### DIRECTIONS
Begin at the line containing "Architecture blue modern" in the data below and go on through the line containing "Светодиодная панель S", repeating each line exactly; include both ends and no other line.

### MATERIAL SHOWN
===============

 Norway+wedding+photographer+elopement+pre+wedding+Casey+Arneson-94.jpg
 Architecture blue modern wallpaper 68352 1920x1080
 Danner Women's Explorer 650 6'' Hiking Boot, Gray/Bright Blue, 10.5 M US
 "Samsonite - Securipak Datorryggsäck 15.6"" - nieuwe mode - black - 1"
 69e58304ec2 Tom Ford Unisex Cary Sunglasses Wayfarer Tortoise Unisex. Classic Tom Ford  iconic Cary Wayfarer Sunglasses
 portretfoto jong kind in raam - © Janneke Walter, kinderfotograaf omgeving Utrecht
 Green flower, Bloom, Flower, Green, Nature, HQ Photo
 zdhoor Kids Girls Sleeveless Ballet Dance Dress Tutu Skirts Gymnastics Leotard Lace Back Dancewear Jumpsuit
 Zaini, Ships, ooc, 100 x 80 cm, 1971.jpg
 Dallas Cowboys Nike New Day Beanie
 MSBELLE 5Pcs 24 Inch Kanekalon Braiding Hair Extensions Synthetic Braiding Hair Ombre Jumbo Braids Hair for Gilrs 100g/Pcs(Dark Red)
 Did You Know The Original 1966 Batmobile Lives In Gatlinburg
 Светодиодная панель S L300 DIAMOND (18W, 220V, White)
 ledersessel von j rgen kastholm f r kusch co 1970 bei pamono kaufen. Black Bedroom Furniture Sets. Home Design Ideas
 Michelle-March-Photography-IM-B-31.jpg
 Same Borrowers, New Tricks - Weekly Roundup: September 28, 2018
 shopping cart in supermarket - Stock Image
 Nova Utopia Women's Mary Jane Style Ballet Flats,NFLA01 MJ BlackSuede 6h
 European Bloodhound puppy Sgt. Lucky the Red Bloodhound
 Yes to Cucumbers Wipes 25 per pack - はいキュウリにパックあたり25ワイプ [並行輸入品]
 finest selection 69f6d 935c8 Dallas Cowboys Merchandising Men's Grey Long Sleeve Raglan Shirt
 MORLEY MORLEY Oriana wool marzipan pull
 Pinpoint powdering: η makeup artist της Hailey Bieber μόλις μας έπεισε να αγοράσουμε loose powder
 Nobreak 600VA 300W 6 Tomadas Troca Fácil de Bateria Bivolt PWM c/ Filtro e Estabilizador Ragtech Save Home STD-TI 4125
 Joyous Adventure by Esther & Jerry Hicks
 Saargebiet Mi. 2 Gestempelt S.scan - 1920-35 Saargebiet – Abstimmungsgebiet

===============

### EXERCISE OUTPUT
 Architecture blue modern wallpaper 68352 1920x1080
 Danner Women's Explorer 650 6'' Hiking Boot, Gray/Bright Blue, 10.5 M US
 "Samsonite - Securipak Datorryggsäck 15.6"" - nieuwe mode - black - 1"
 69e58304ec2 Tom Ford Unisex Cary Sunglasses Wayfarer Tortoise Unisex. Classic Tom Ford  iconic Cary Wayfarer Sunglasses
 portretfoto jong kind in raam - © Janneke Walter, kinderfotograaf omgeving Utrecht
 Green flower, Bloom, Flower, Green, Nature, HQ Photo
 zdhoor Kids Girls Sleeveless Ballet Dance Dress Tutu Skirts Gymnastics Leotard Lace Back Dancewear Jumpsuit
 Zaini, Ships, ooc, 100 x 80 cm, 1971.jpg
 Dallas Cowboys Nike New Day Beanie
 MSBELLE 5Pcs 24 Inch Kanekalon Braiding Hair Extensions Synthetic Braiding Hair Ombre Jumbo Braids Hair for Gilrs 100g/Pcs(Dark Red)
 Did You Know The Original 1966 Batmobile Lives In Gatlinburg
 Светодиодная панель S L300 DIAMOND (18W, 220V, White)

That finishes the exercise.